2. Description of Related Art Including Information Disclosed Under 37 CFR 1.97 and 37 CFR 1.98.
Fluid systems transport materials and chemicals and perform work, such as powering downhole tools with hydraulics, during drilling and production operations for oil and gas. Drilling mud is the lubricant and transport material during drilling. The drilling mud fluid is pumped from the surface to the wellbore with coolants and stabilizers to provide relief to the mechanical tools in the extremely hot and pressurized environmental conditions at the drill bit. The pulverized rock at the drill bit is suspended in the drilling mud and pumped back out of the borehole for removal. Fracturing fluid systems are the fluids pumped into the wellbore with a proppant in order to fracture a rock formation. A high pressure injection of fracturing fluid system at a target depth creates cracks in rock formation, and the fracturing fluid system enters these cracks.

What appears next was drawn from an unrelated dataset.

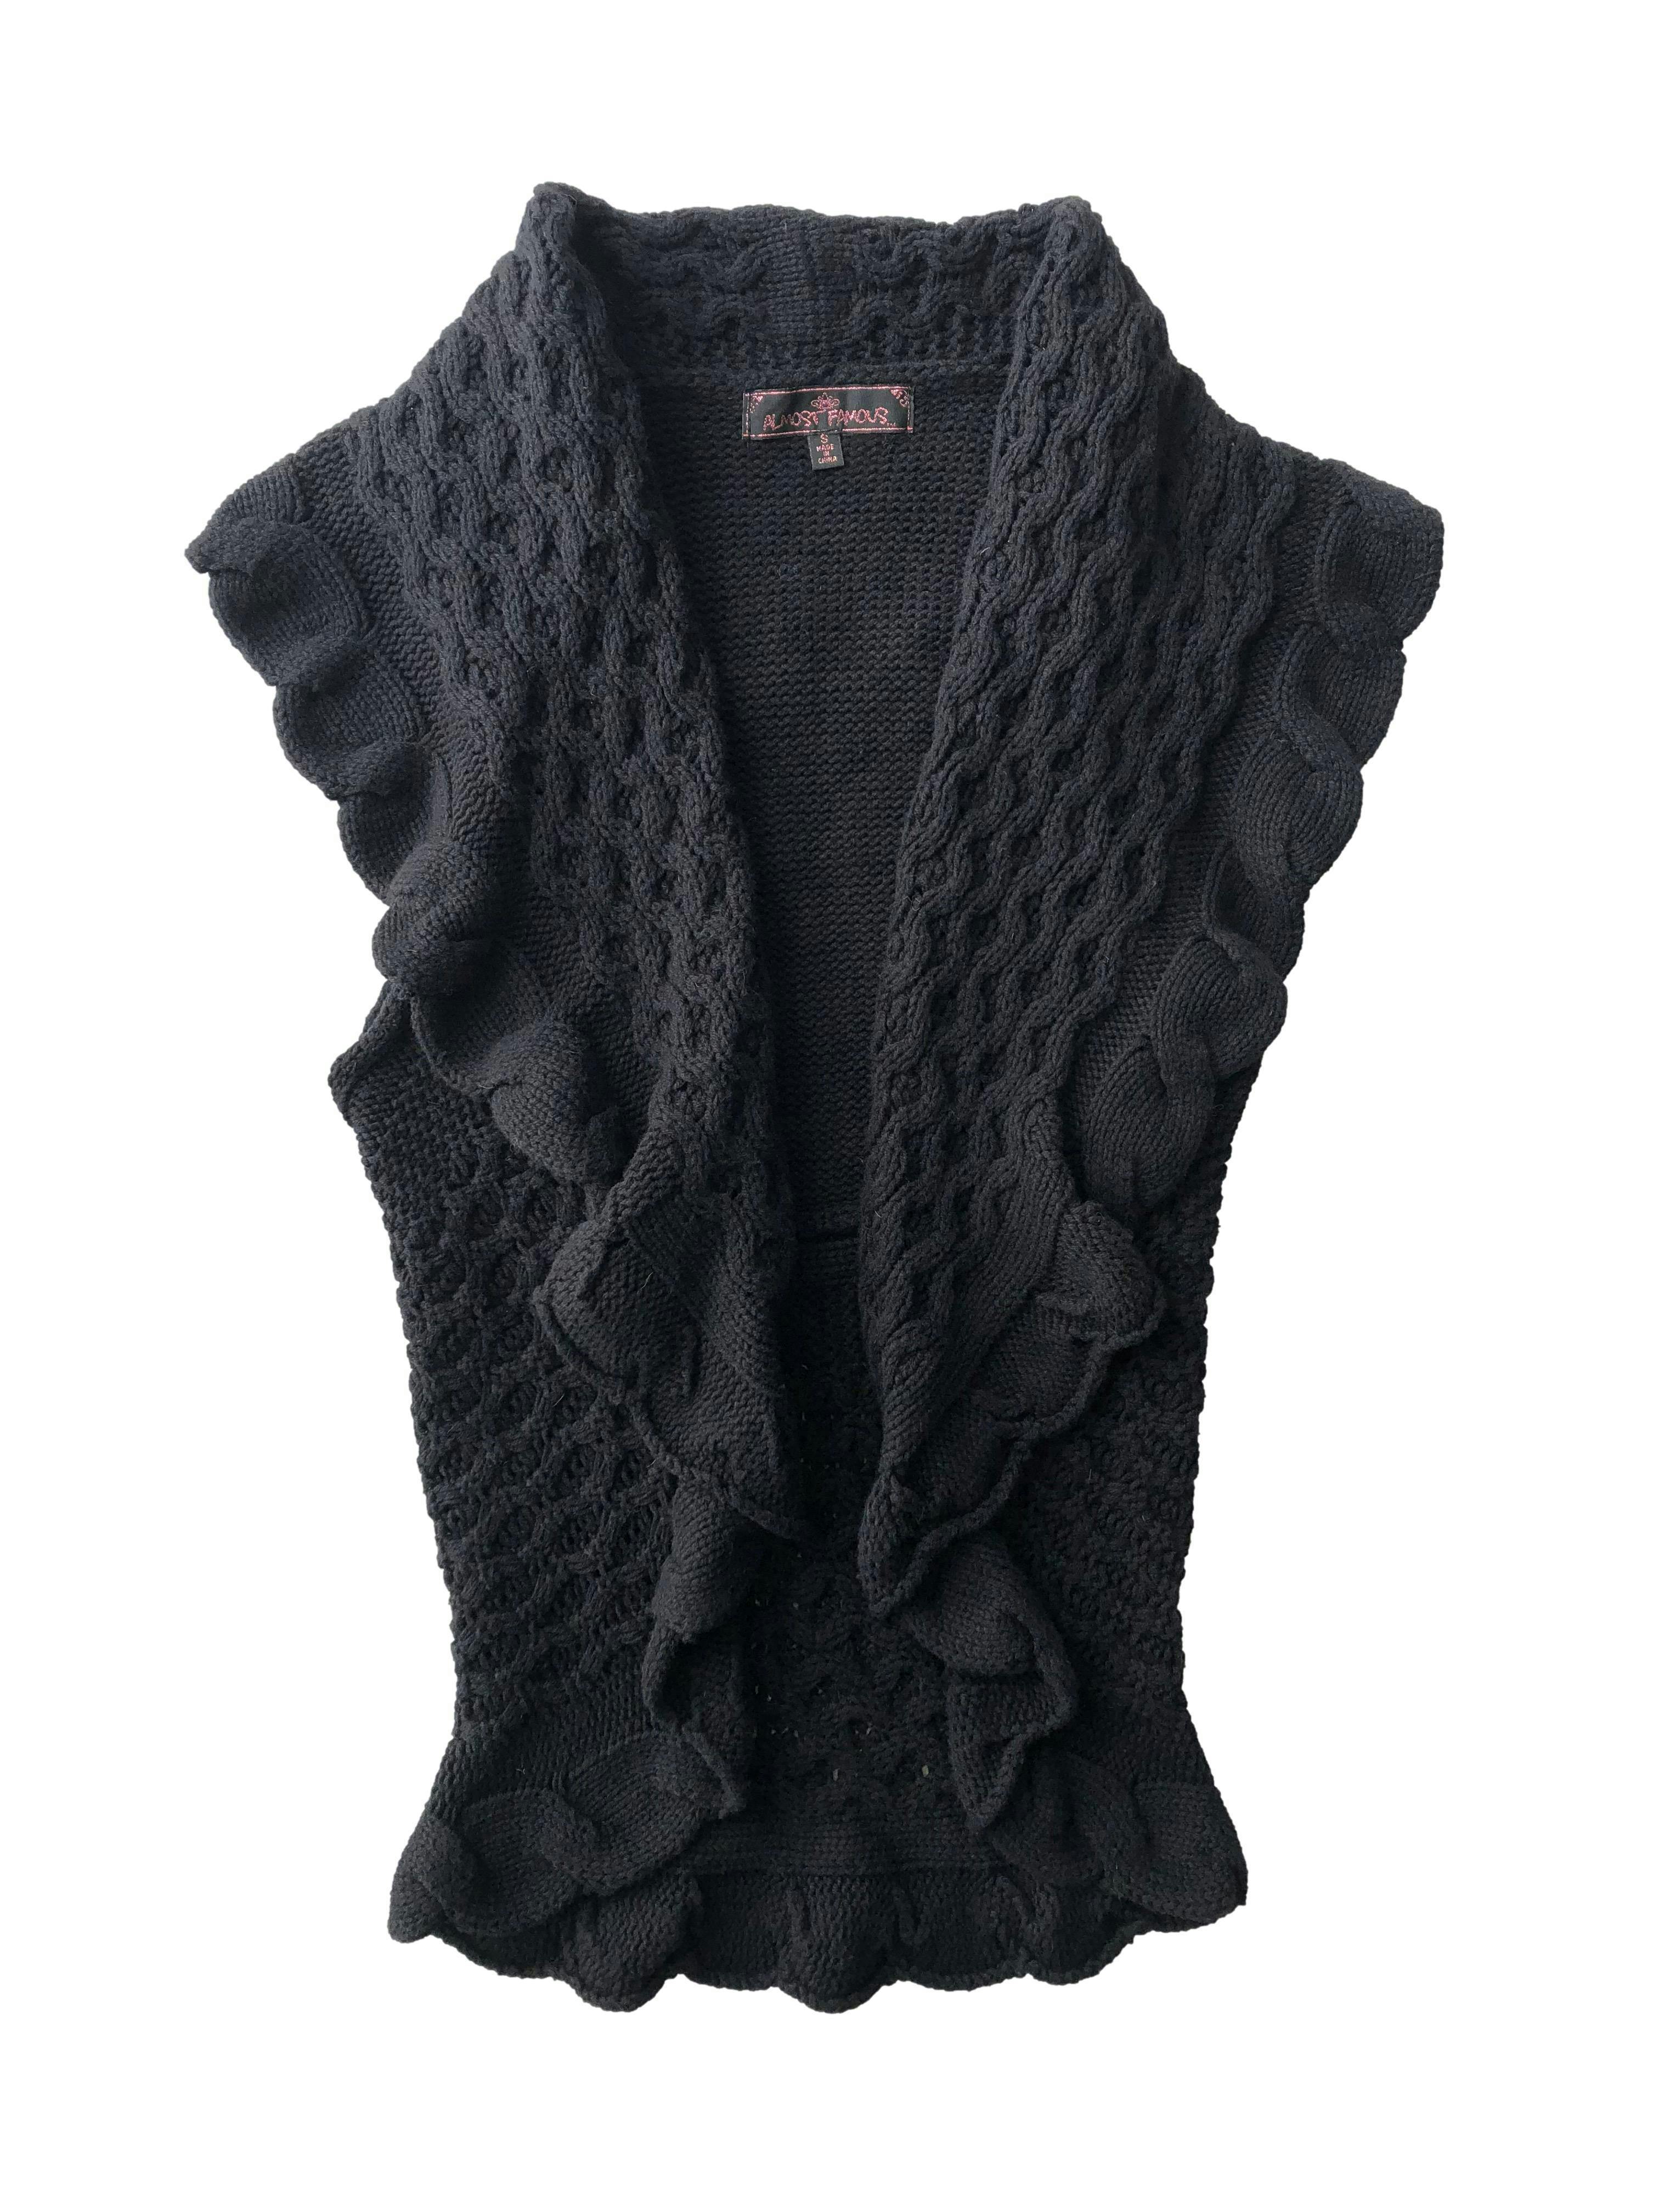 Chaleco negro abierto de corte circular, tejido calado 55% algodón. Busto 80cm, Largo 64cm.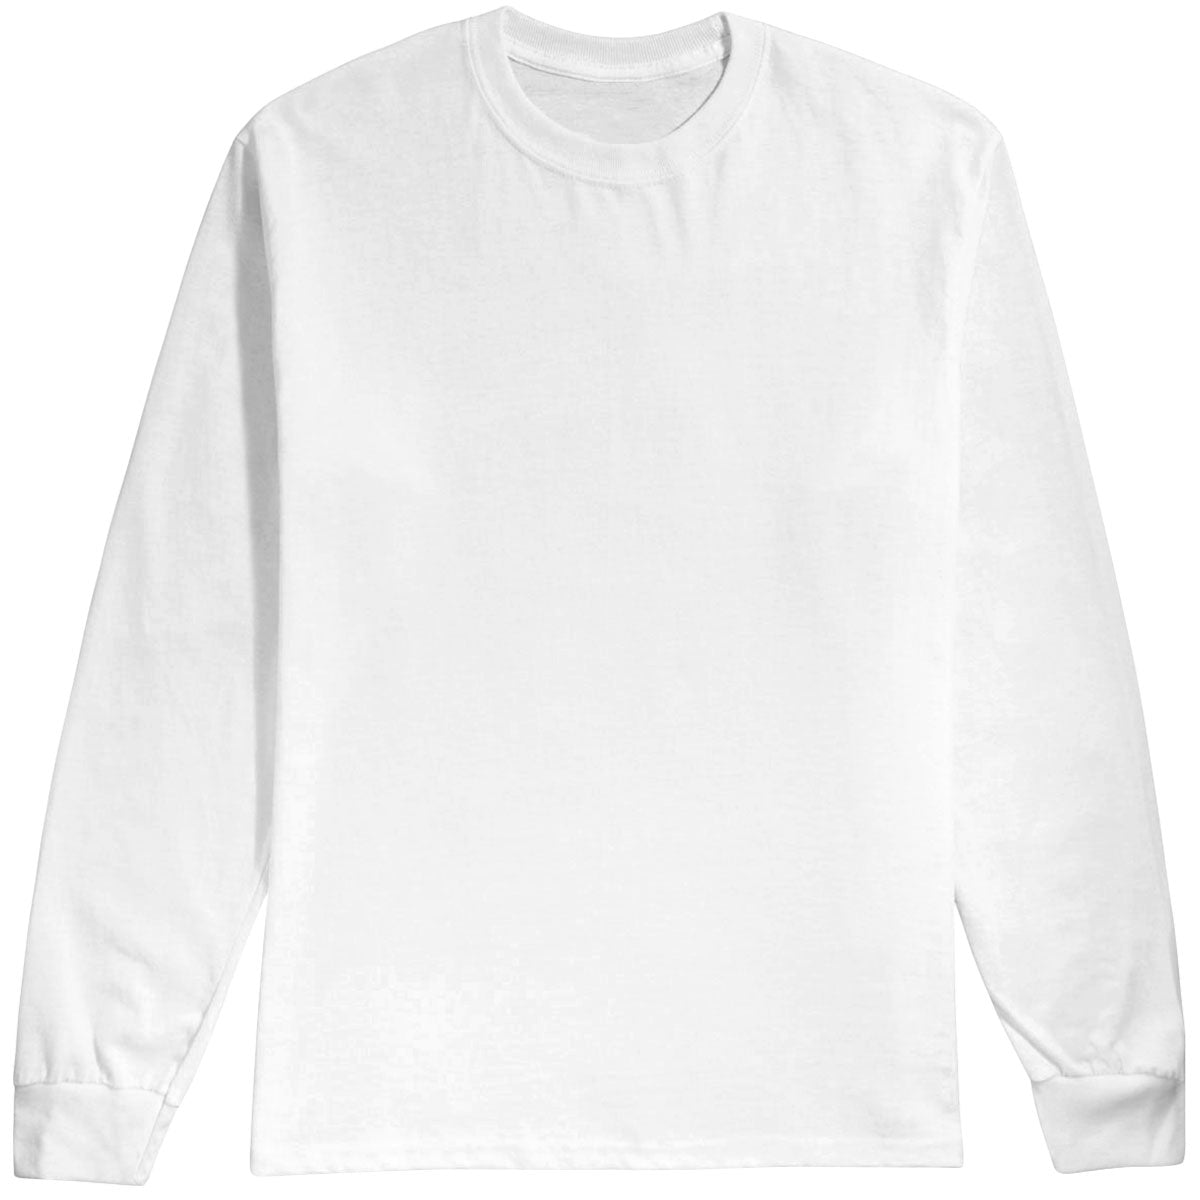 Alien Workshop Triad Sticker Long Sleeve T-Shirt - White - XXL image 1

The proppant, such as sand or other particulates, prevent the cracks from closing when the pressured injection of fluid stops. The fracture is held open by the proppant so that the formation remains permeable by oil, gas, salt water, and other fluids, which can now be pumped through the well.
Fracturing fluid systems are comprised of water, proppant, and additives. The additives control rheological properties of the fracturing fluid system so as to allow the transport of proppant for different formations under various conditions. High viscosity fracturing relies on gelling agents, such as guar gum, to increase viscosity and suspend the proppant for delivery as far as possible into the cracks of the fracture. High rate or high velocity relies on low friction and fast pumping fracturing fluid systems to reach deeper into a rock formation. Additives can be principally chosen for a desired ability to suspend proppant or to be pumped at a particular velocity.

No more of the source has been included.